Modeling Causal Relations#

Except for a couple of exceptions, in DoWhy, the first step to perform a causal task is to model causal relations in form of a causal graph. A causal graph models the causal relations, or “cause-effect-relationships” present in a system or problem domain. This serves to make each causal assumption explicit. Think e.g. altitude → temperature, i.e. higher altitude causes lower temperature. In DoWhy, we require the causal graph to be a directed acyclic graph (DAG) where an edge X→Y implies that X causes Y. Statistically, a causal graph encodes the conditional independence relations between variables.

Often, the causal graph can be constructed based on domain knowledge. For example, in a distributed system of microservices, we can use request tracing frameworks to reconstruct the graph of dependencies in that system. Here, the causal graph is the reverse of that dependency graph.

../../_images/microservice-architecture1.png

In other cases, such as in understanding the factors driving hotel booking cancellations, we can consult domain experts to learn about the causal graph and construct it.

../../_images/hotel-booking-cancellations.png

In cases where we do not know the causal graph, we can apply methods for learning causal structures from data. The section Learning causal structure from data introduces statistical methods for this.

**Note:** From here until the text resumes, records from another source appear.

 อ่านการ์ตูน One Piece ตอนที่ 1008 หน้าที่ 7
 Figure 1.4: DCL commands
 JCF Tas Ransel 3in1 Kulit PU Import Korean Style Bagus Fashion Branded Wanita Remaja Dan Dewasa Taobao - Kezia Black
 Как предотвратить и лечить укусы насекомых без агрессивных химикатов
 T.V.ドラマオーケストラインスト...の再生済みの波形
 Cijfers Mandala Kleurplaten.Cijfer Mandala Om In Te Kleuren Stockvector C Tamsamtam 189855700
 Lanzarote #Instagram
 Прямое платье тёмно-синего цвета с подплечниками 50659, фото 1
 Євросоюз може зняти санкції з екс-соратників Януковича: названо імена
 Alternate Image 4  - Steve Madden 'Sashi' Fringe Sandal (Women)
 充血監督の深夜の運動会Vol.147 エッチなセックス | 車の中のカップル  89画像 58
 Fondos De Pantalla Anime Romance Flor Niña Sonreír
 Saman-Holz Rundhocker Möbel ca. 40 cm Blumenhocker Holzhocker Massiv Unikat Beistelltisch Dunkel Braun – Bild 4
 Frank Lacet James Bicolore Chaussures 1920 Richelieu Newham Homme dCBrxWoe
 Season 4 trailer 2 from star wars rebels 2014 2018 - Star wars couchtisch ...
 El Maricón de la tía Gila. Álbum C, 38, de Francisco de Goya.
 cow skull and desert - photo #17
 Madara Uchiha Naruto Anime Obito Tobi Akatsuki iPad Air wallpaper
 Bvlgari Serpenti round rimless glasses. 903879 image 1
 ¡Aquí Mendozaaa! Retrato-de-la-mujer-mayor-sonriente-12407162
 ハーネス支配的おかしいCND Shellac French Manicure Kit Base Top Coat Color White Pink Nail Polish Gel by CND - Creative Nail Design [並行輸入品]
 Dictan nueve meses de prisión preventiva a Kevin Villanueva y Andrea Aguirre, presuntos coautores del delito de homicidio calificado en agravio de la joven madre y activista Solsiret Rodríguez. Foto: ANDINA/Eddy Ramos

The causal graph is the most important component for most causal tasks since the accuracy of downstream analysis depends on it. To diagnose and potentially reject a causal graph, check out Refuting a Causal Graph and the example notebook Falsification of User-Given Directed Acyclic Graphs. These tests cannot conclude that a graph is valid, but check necessary properties that any valid graph for a dataset should satisfy. As a result, they can be used to refute invalid graphs, help discover errors and improve the graph.

Once we have the causal graph, the next steps are defined by what we want to do:

For effect estimation using specific effect estimators, this is all we need. The next step would be “identification” as explained in Effect Estimation Using specific Effect Estimators (for ACE, mediation effect, …).
For many other tasks, we will also have to assign so-called causal mechanisms to each node as explained in Modeling Graphical Causal Models (GCMs).